Having suffered from post natal depression (PND) with each of my three children I feel as though I have some worthwhile experiences to draw upon which might help others currently facing this illness – gee, there has to be something positive to come from it all!!

So I’ve put together a list of personal tips for sufferers of PND. Please bear in mind though that these tips are based on my own personal experience and I’m not a medical expert – so, if you or someone you know is struggling with post natal depression – please seek expert assistance – there is excellent help available.
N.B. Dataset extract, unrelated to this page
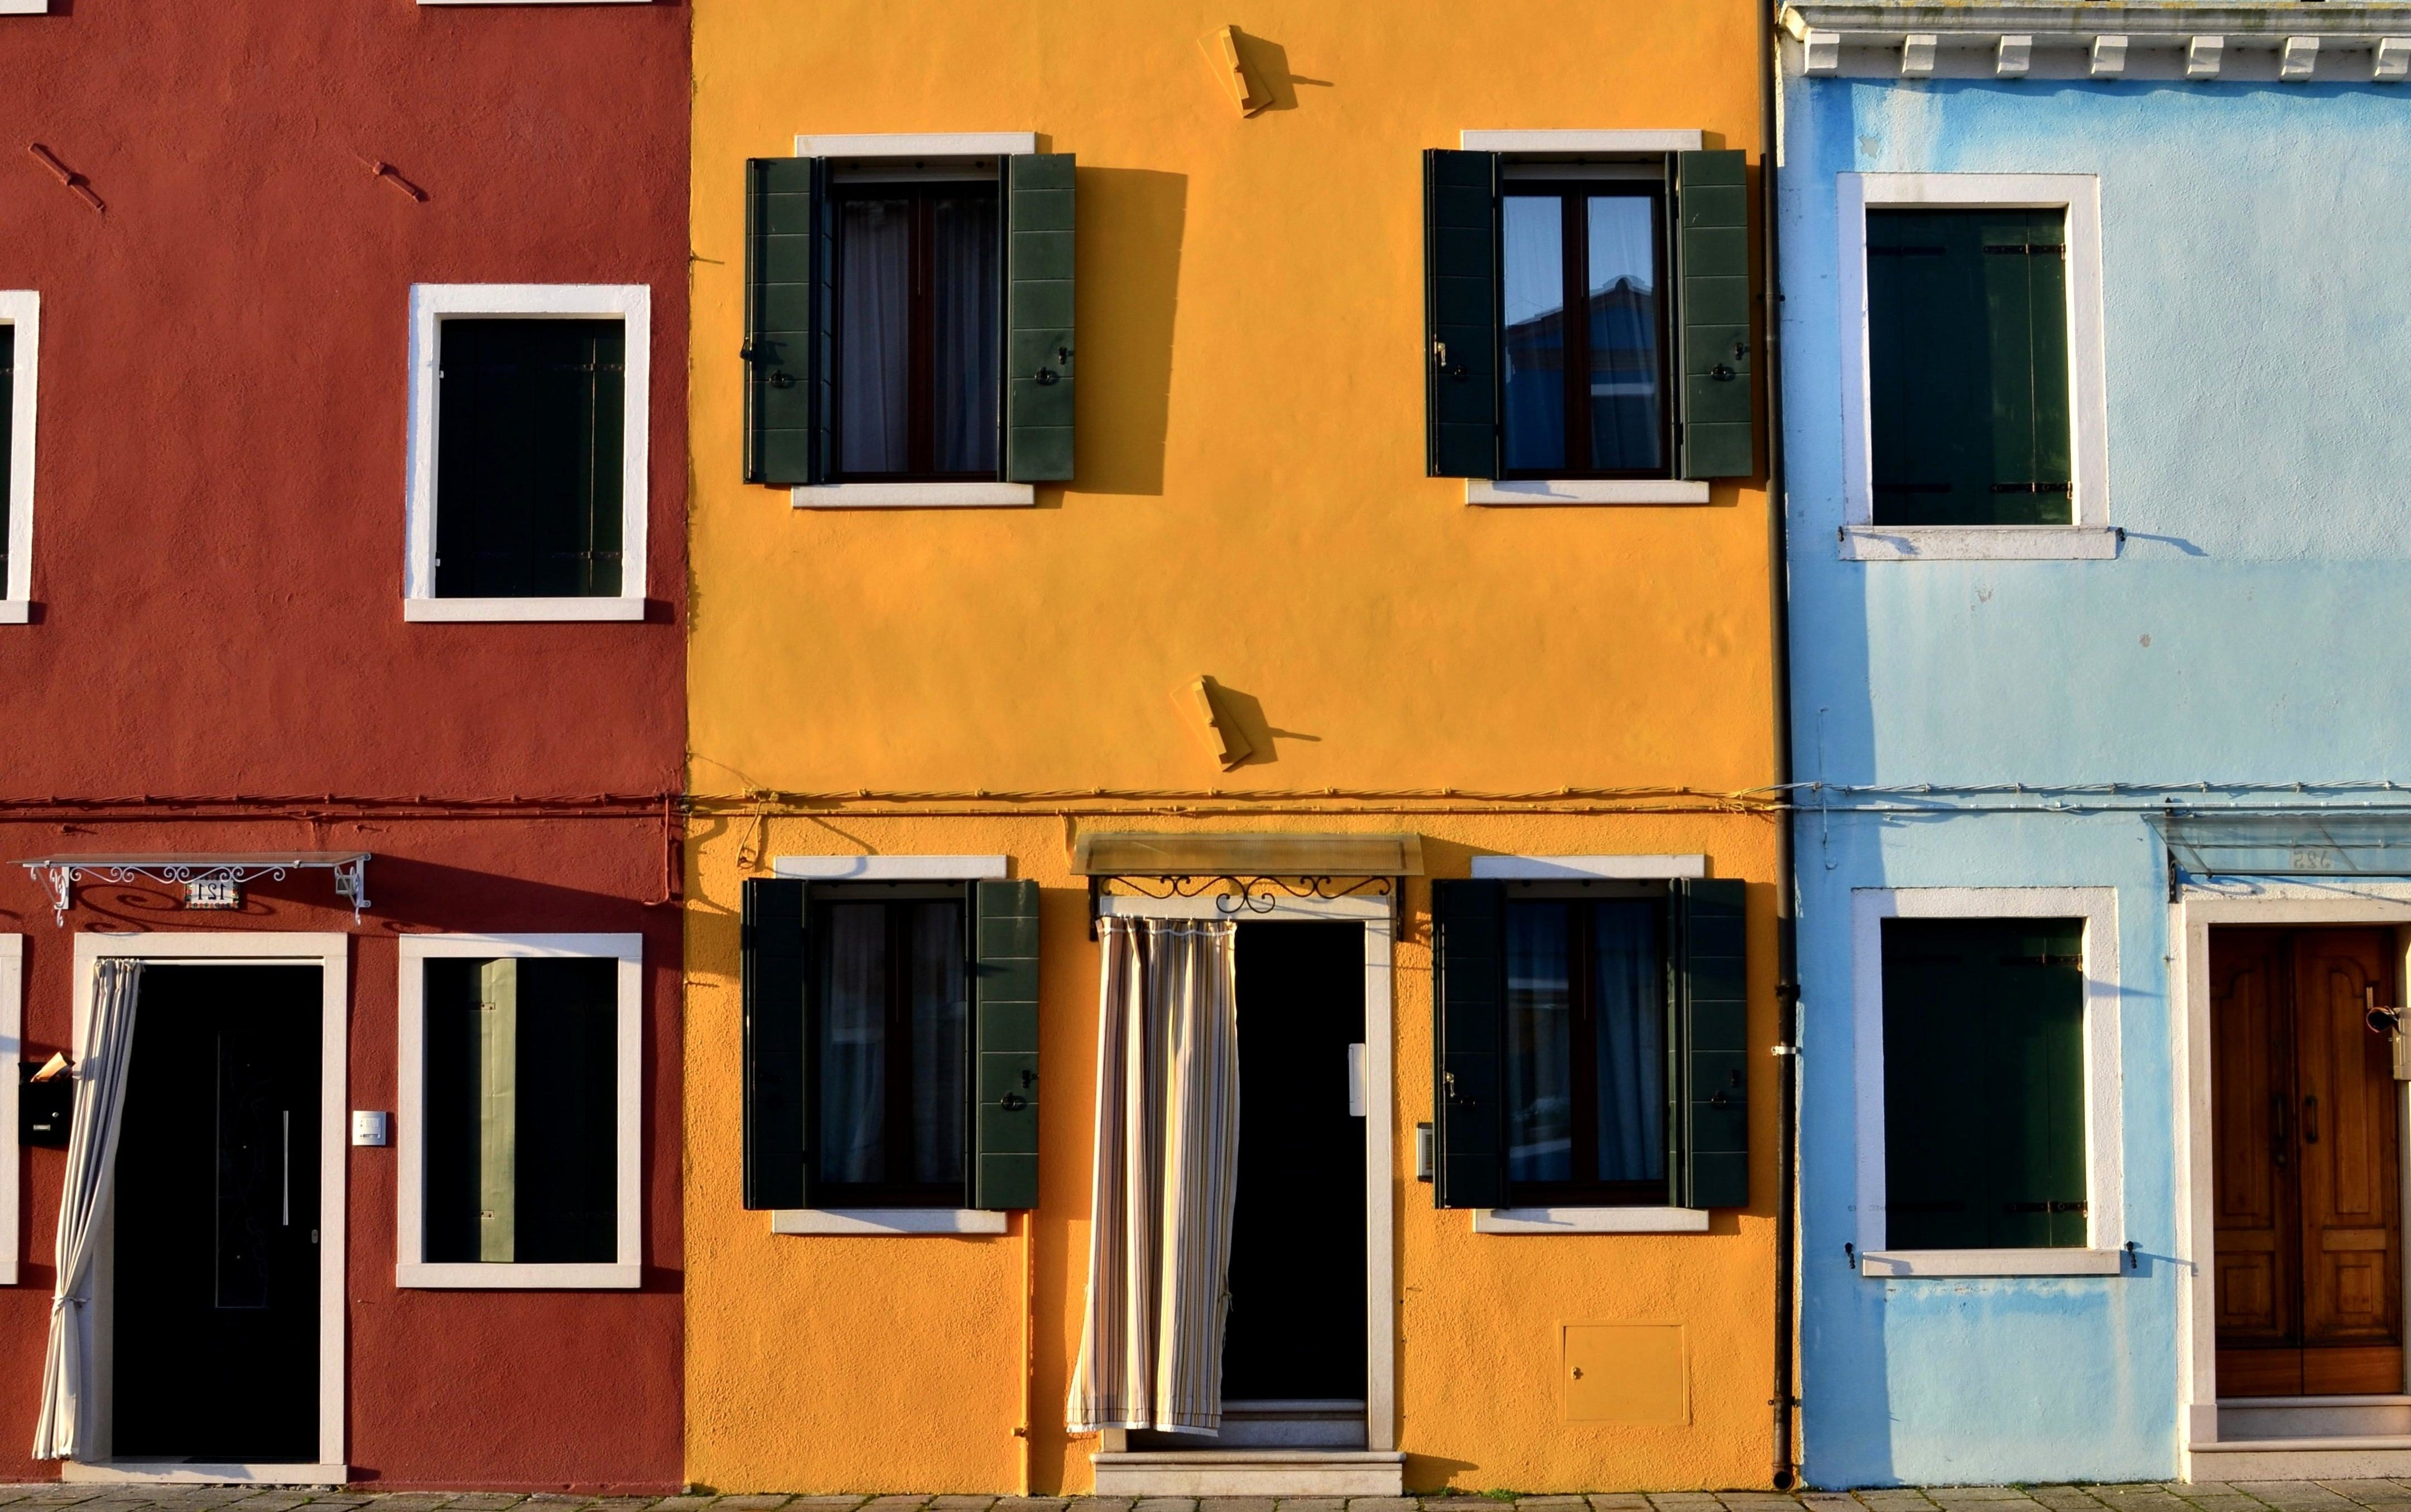 peindre facade maison autres vues autres vues autres vues faade sud de la maison ravalement. Black Bedroom Furniture Sets. Home Design Ideas

Which leads me straight into Tip Number 1.

1.    Ask for help

If you’re like me you don’t like to ask for help. I know I have an unrealistic expectation of myself – that I should be able to cope with anything and everything. But, you know, we’re all human and as such we all have times in our lives when we simply can’t cope alone with what life has thrown our way. Now please notice I did say we can’t cope alone – we can cope though – we just need to put our hand up and tell someone that we need a bit of assistance. Which leads me onto the next step.

2.   Accept help

From partners, parents, siblings, friends, neighbours, doctors, psychologists, baby health practitioners, telephone counselling services etc etc etc. People do want to help others who are struggling or suffering – it’s part of what makes us human. And when you take a minute to think about it logically (and not through the emotional haze of PND) when you’re well yourself you like to help people – don’t you? So right now is your time to accept the help that others offer you.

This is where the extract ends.